Willie Jackson miał głębokie owrzodzenie skóry. Odleżyny były bardzo bolesne. Jak powiedziała jego córka w rozmowie z dziennikiem “Chicago Tribune”, pracownicy ośrodka Lakeview Rehabilitation and Nursing Center nigdy nie poinformowali jej, jak poważne były to odleżyny. Jackson potrzebował kilku wizyt w szpitalach w celu dożylnego podawania antybiotyków, bolesnych operacji, które miały na celu wycięcie martwego naskórka wokół rany.

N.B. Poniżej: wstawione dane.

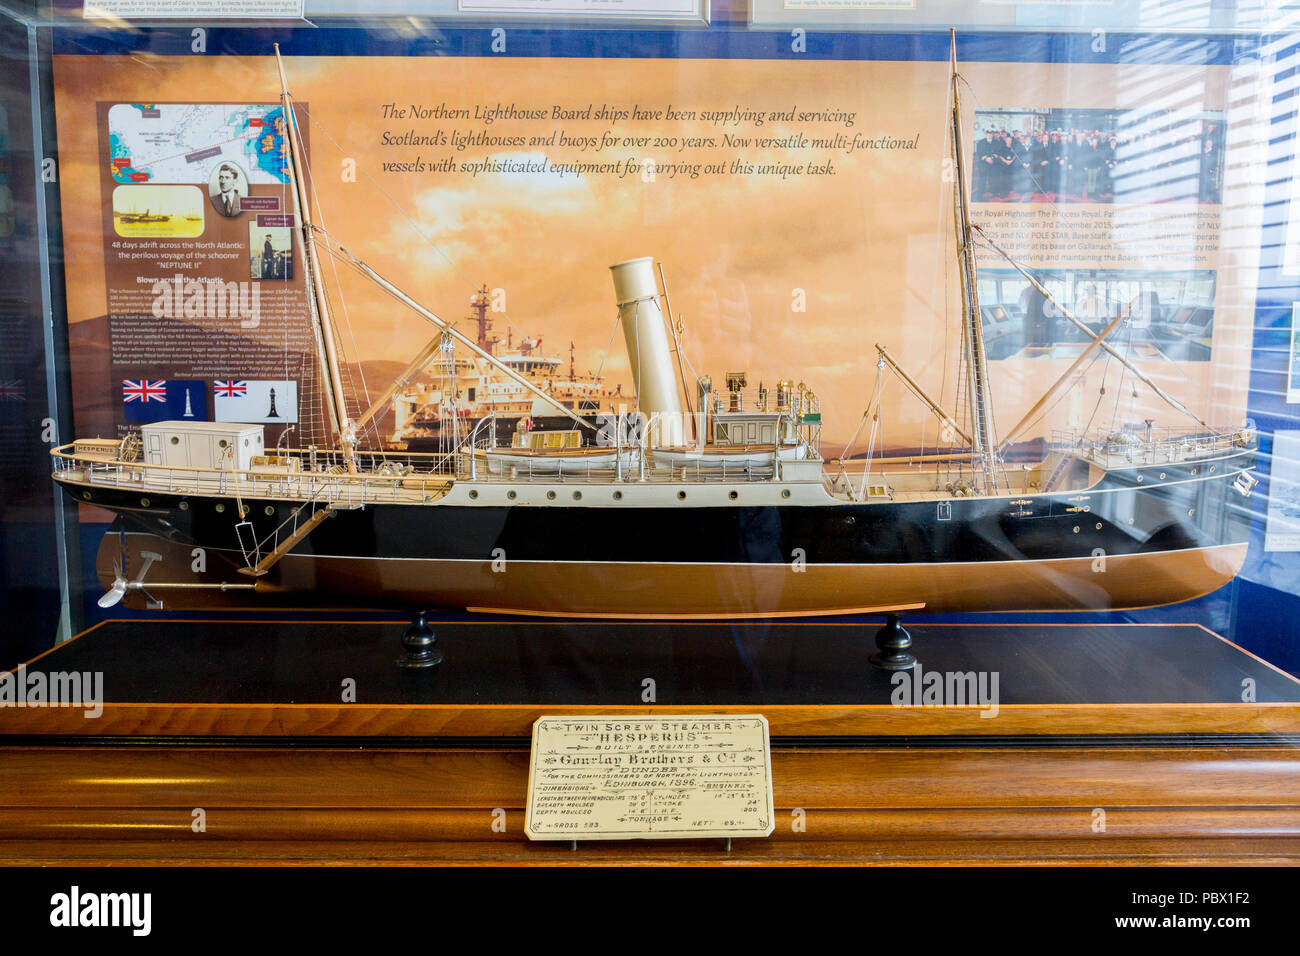 Ein Modell des Northern Lighthouse Board Schiff "Hesperus" in einer Vitrine im Museum in Oban, Argyll und Bute, Schottland, UK angezeigt Stockfoto

Dorsey pozywała ośrodek rehabilitacji i opieki społecznej North Side za zaniedbanie, które doprowadziły do jego śmierci. Willie Jackson zmarł w wieku 85 lat w marcu 2014 roku. Władze dom opieki w oświadczeniu sądowym nie przyznają się do zaniedbań.

39-letnia Dorsey twierdzi, że personel pielęgniarski Lakeview wiedział, że jej ojciec był w ciężkim stanie z powodu odleżyn, jednak placówka nie podjęła konkretnych kroków, aby zapobiec ich pogłębianiu. W takim przypadku pensjonariusz leżący w łóżku powinien być obracany w celu zmiany pozycji go co dwie godziny.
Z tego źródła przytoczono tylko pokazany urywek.